# Problem
What is needed is an exact copy of the listing, with no pictures in it.

# Data section
☆ ☆ ☆ ☆ ☆

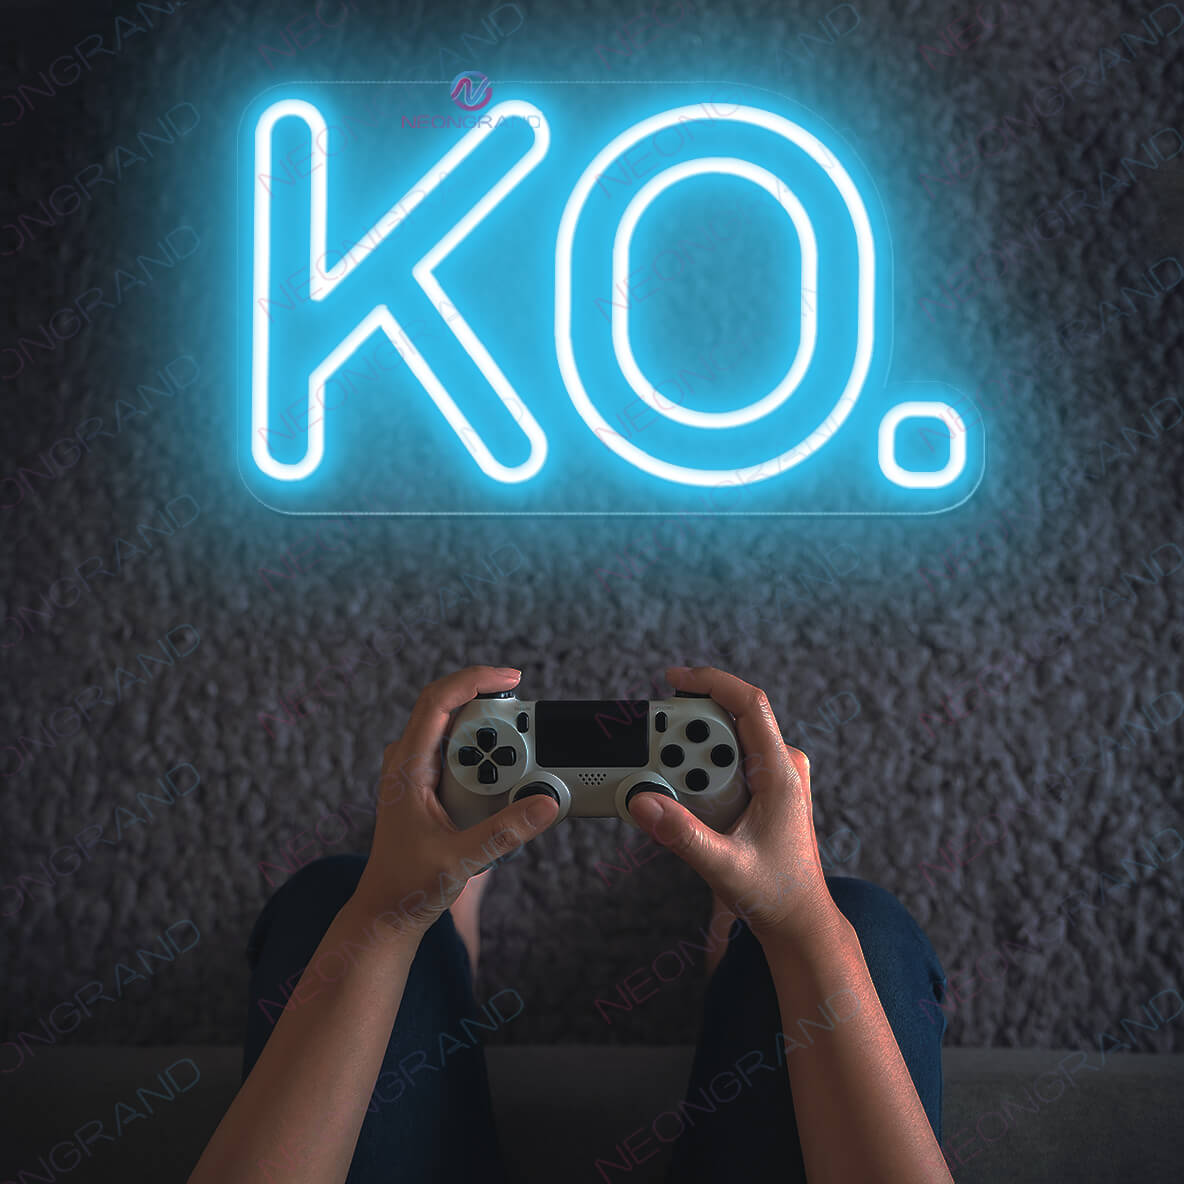 Gaming Neon Signs KO Game Led Light light blue
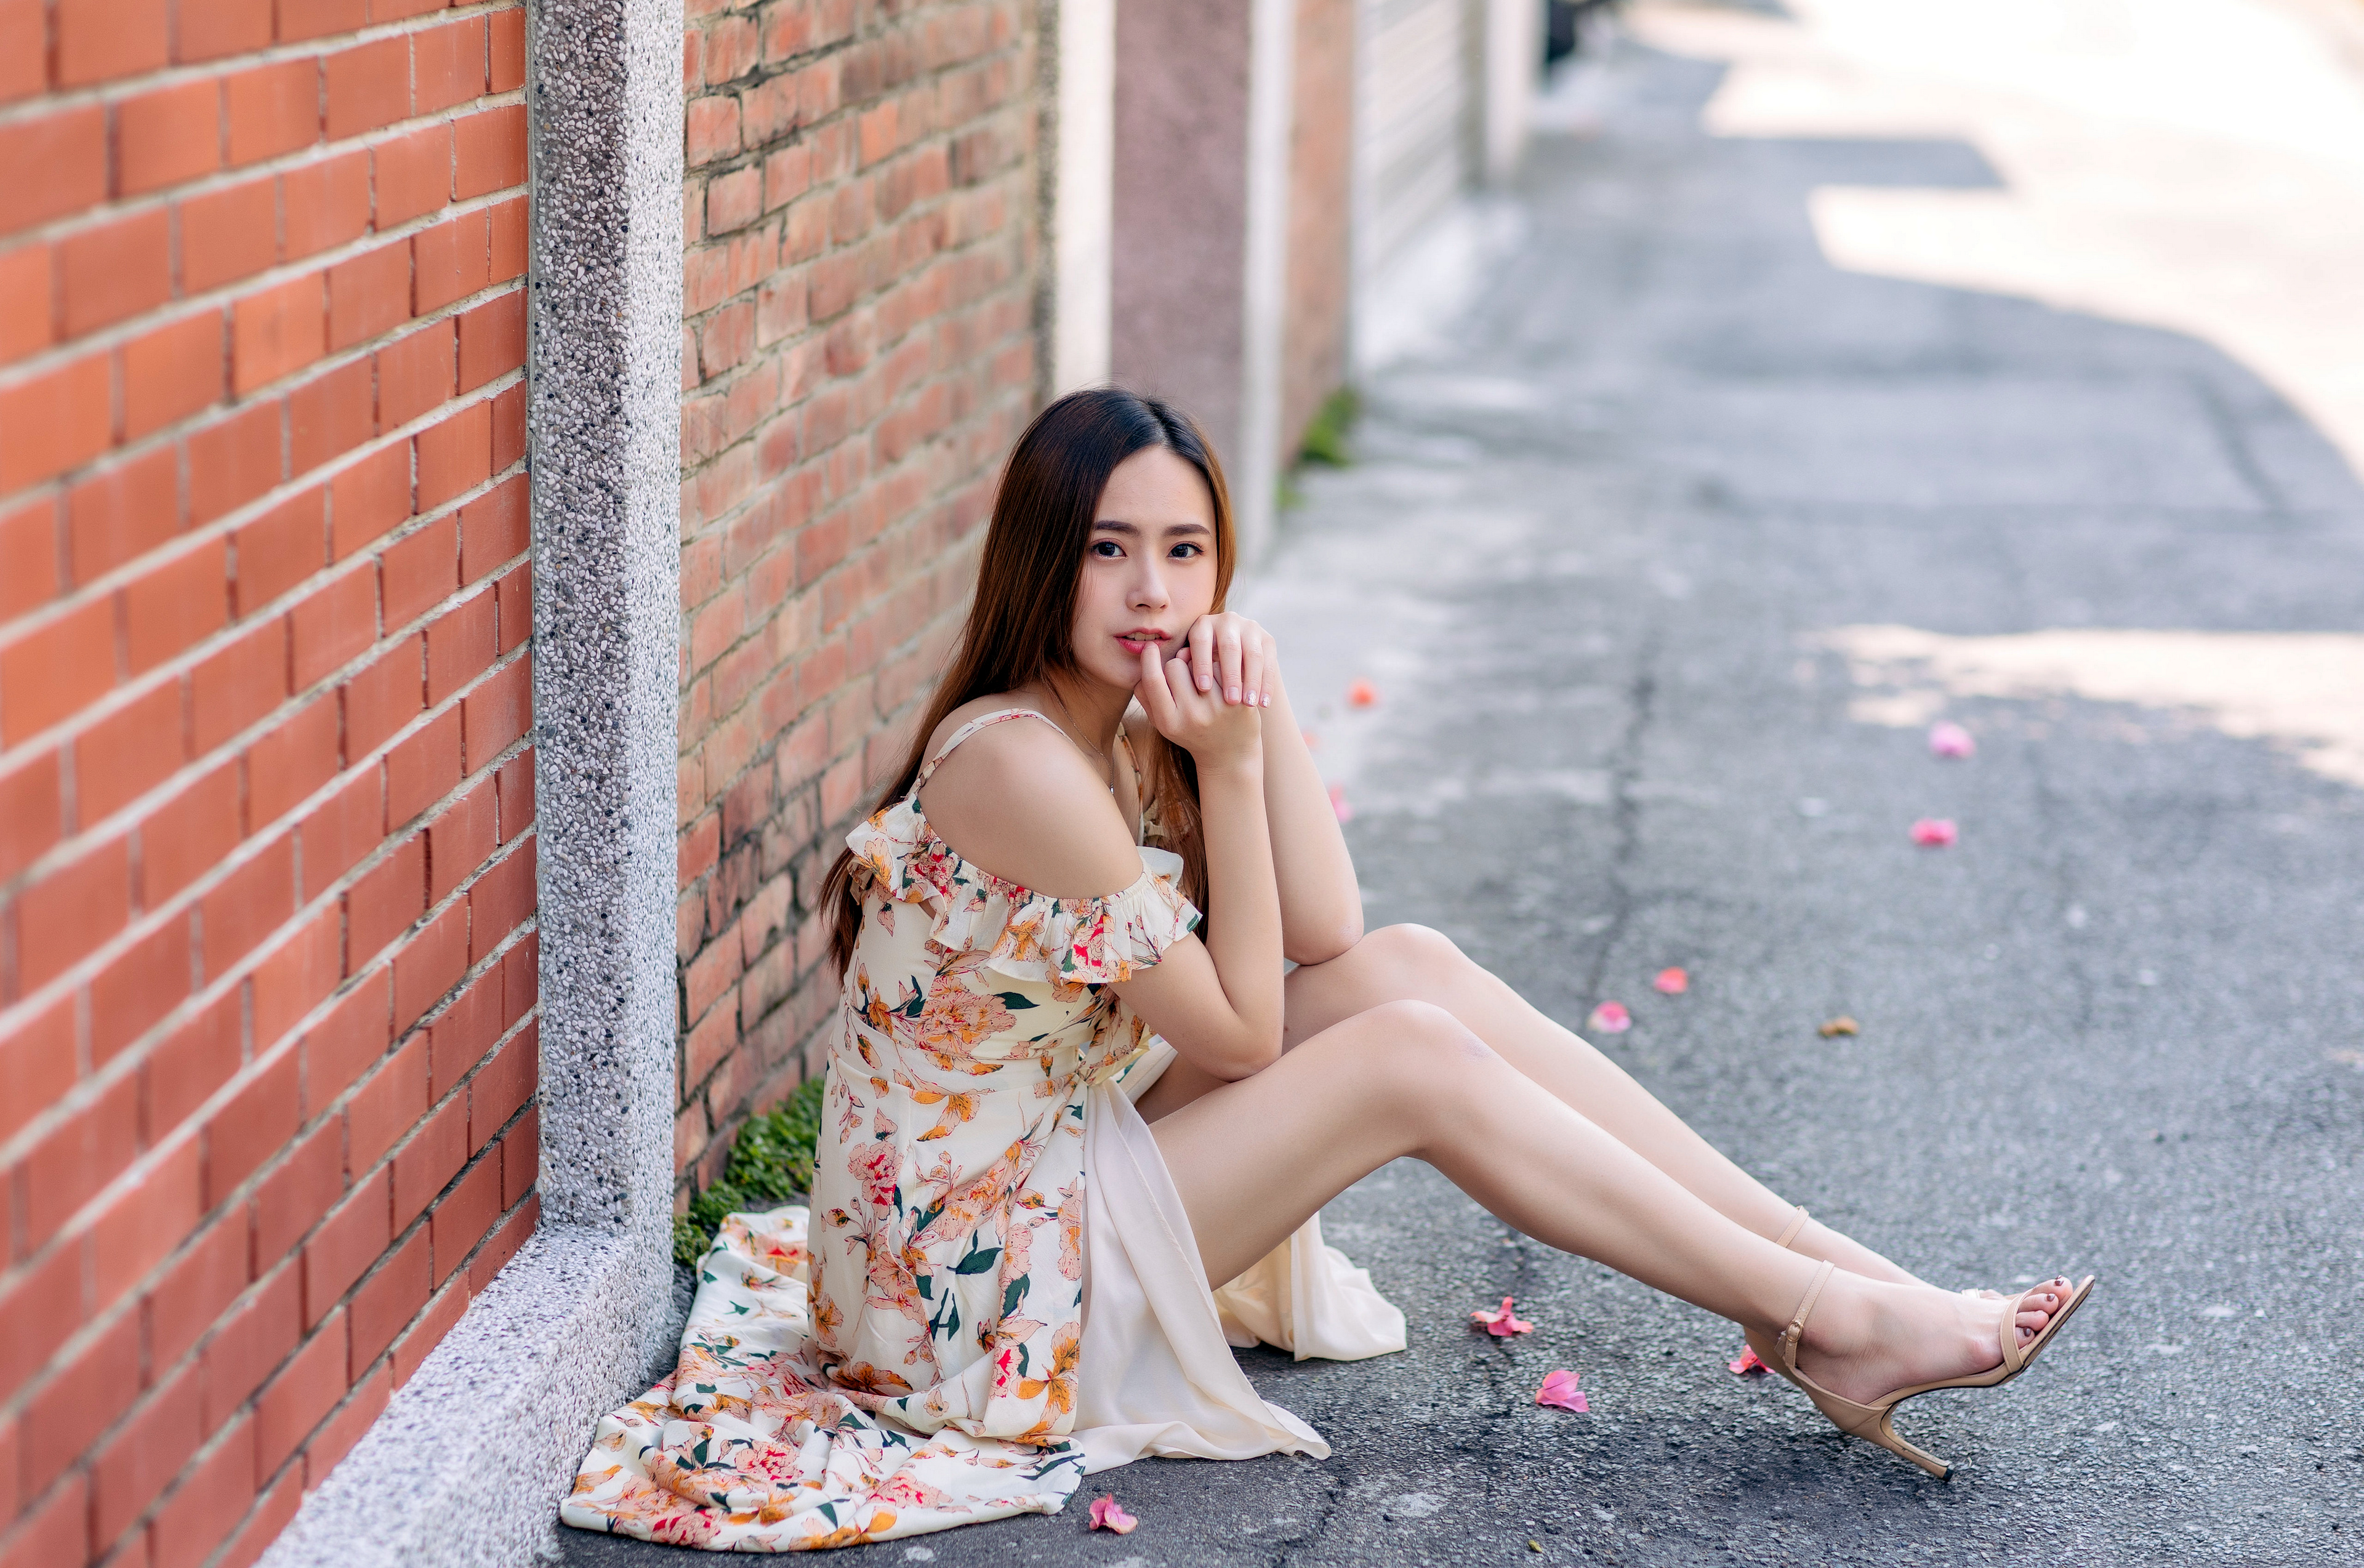 Asian Model Women Long Hair Brunette Sitting Barefoot Sandal Flower Dress Wall Bricks Depth Of Field 3840x2547
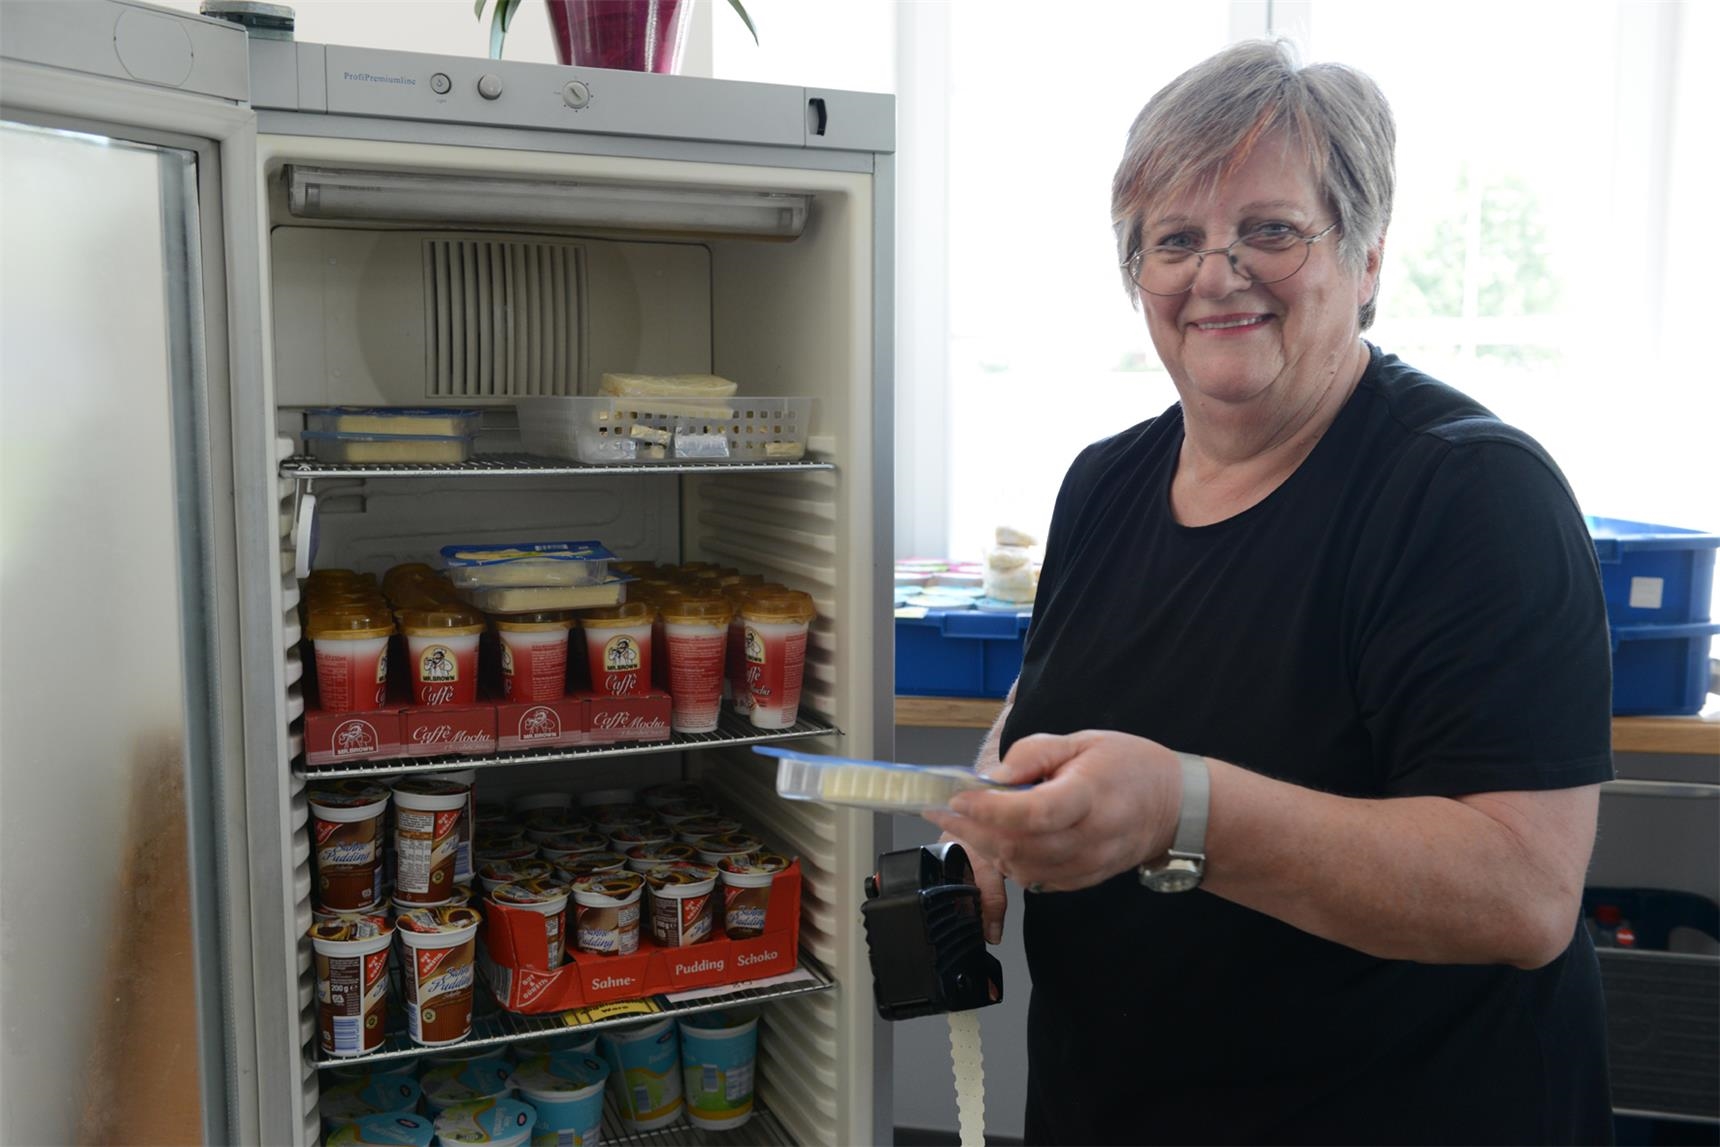 Frau etikettiert am Kühlschrank
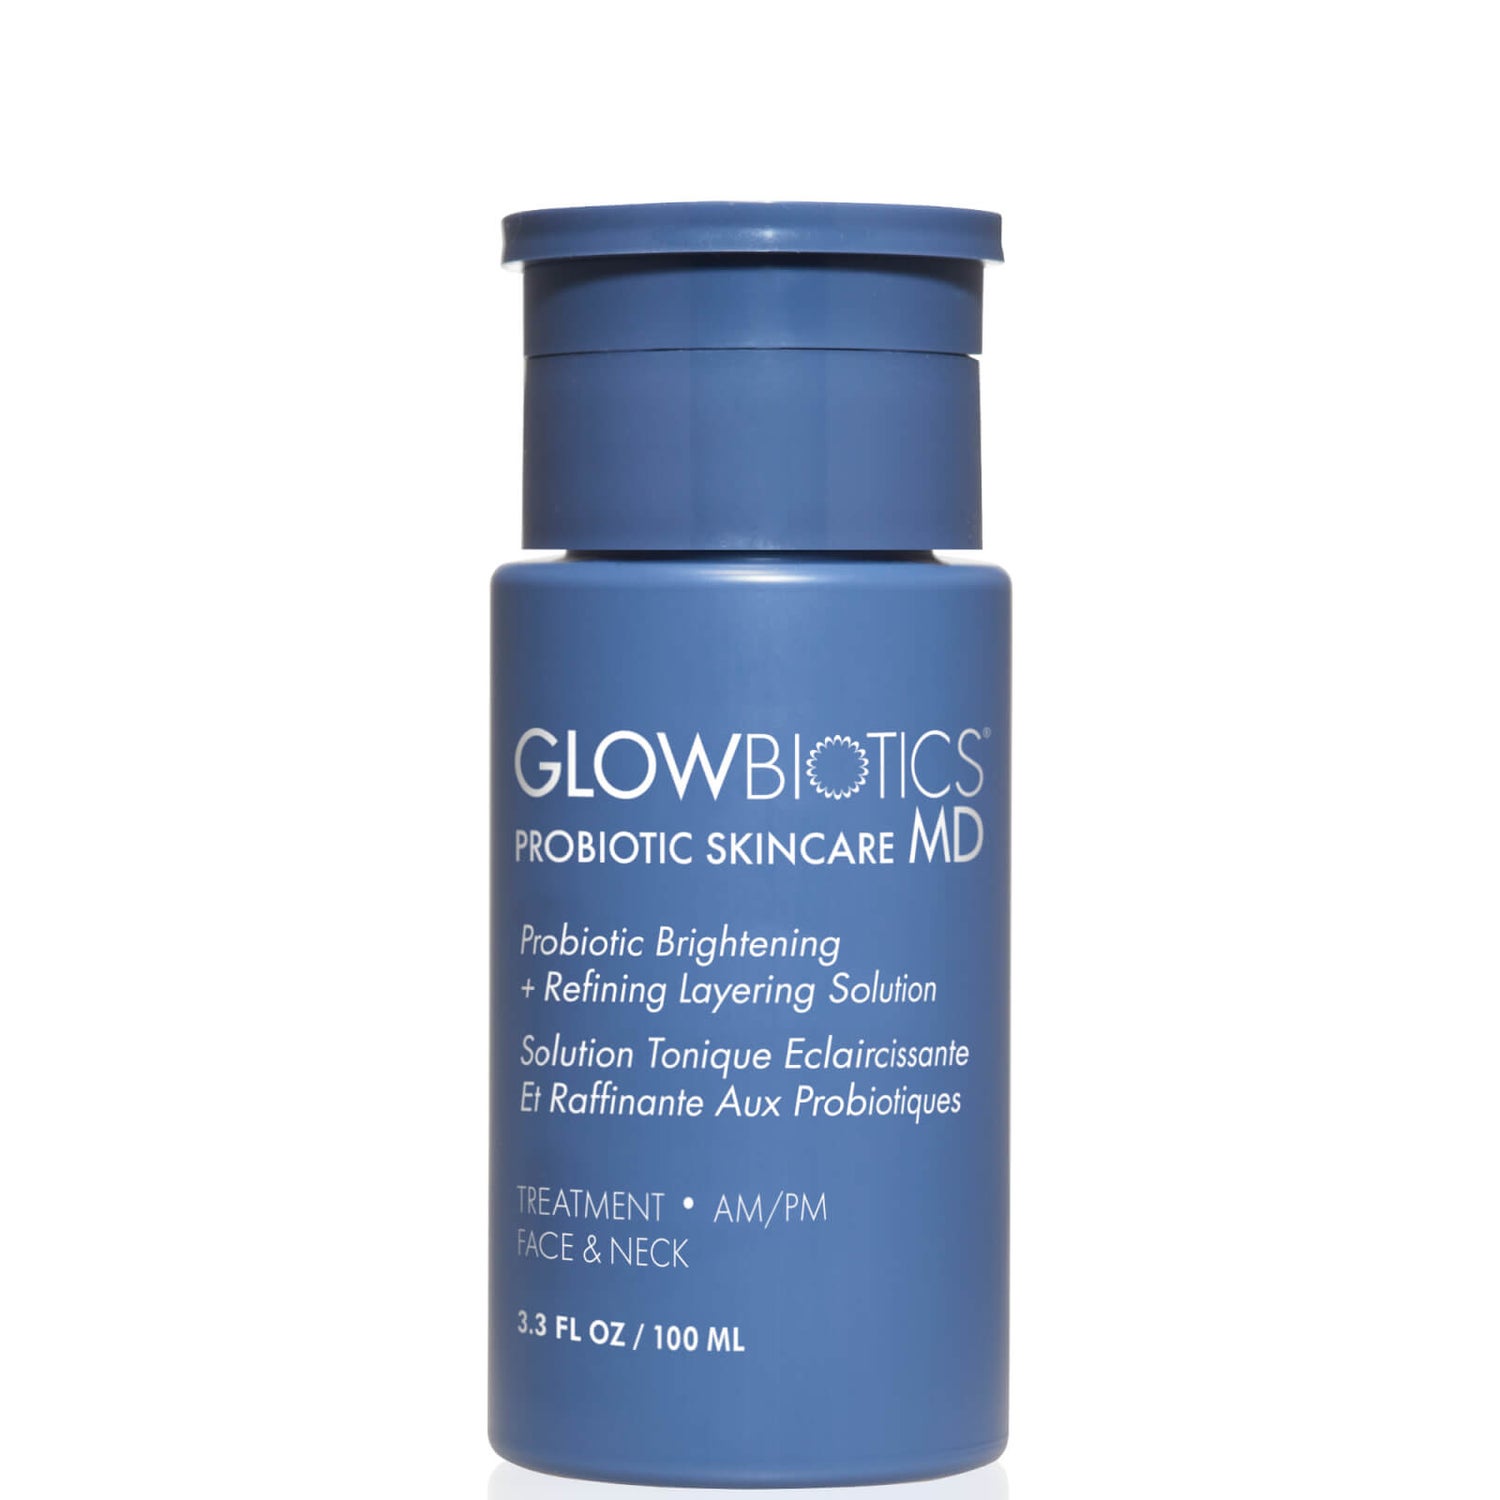 Glowbiotics MD Probiotic Brightening + Refining Layering Solution 5.5oz

☆ ☆ ☆ ☆ ☆

# Solved problem
 Gaming Neon Signs KO Game Led Light light blue
 Asian Model Women Long Hair Brunette Sitting Barefoot Sandal Flower Dress Wall Bricks Depth Of Field 3840x2547
 Frau etikettiert am Kühlschrank
 Glowbiotics MD Probiotic Brightening + Refining Layering Solution 5.5oz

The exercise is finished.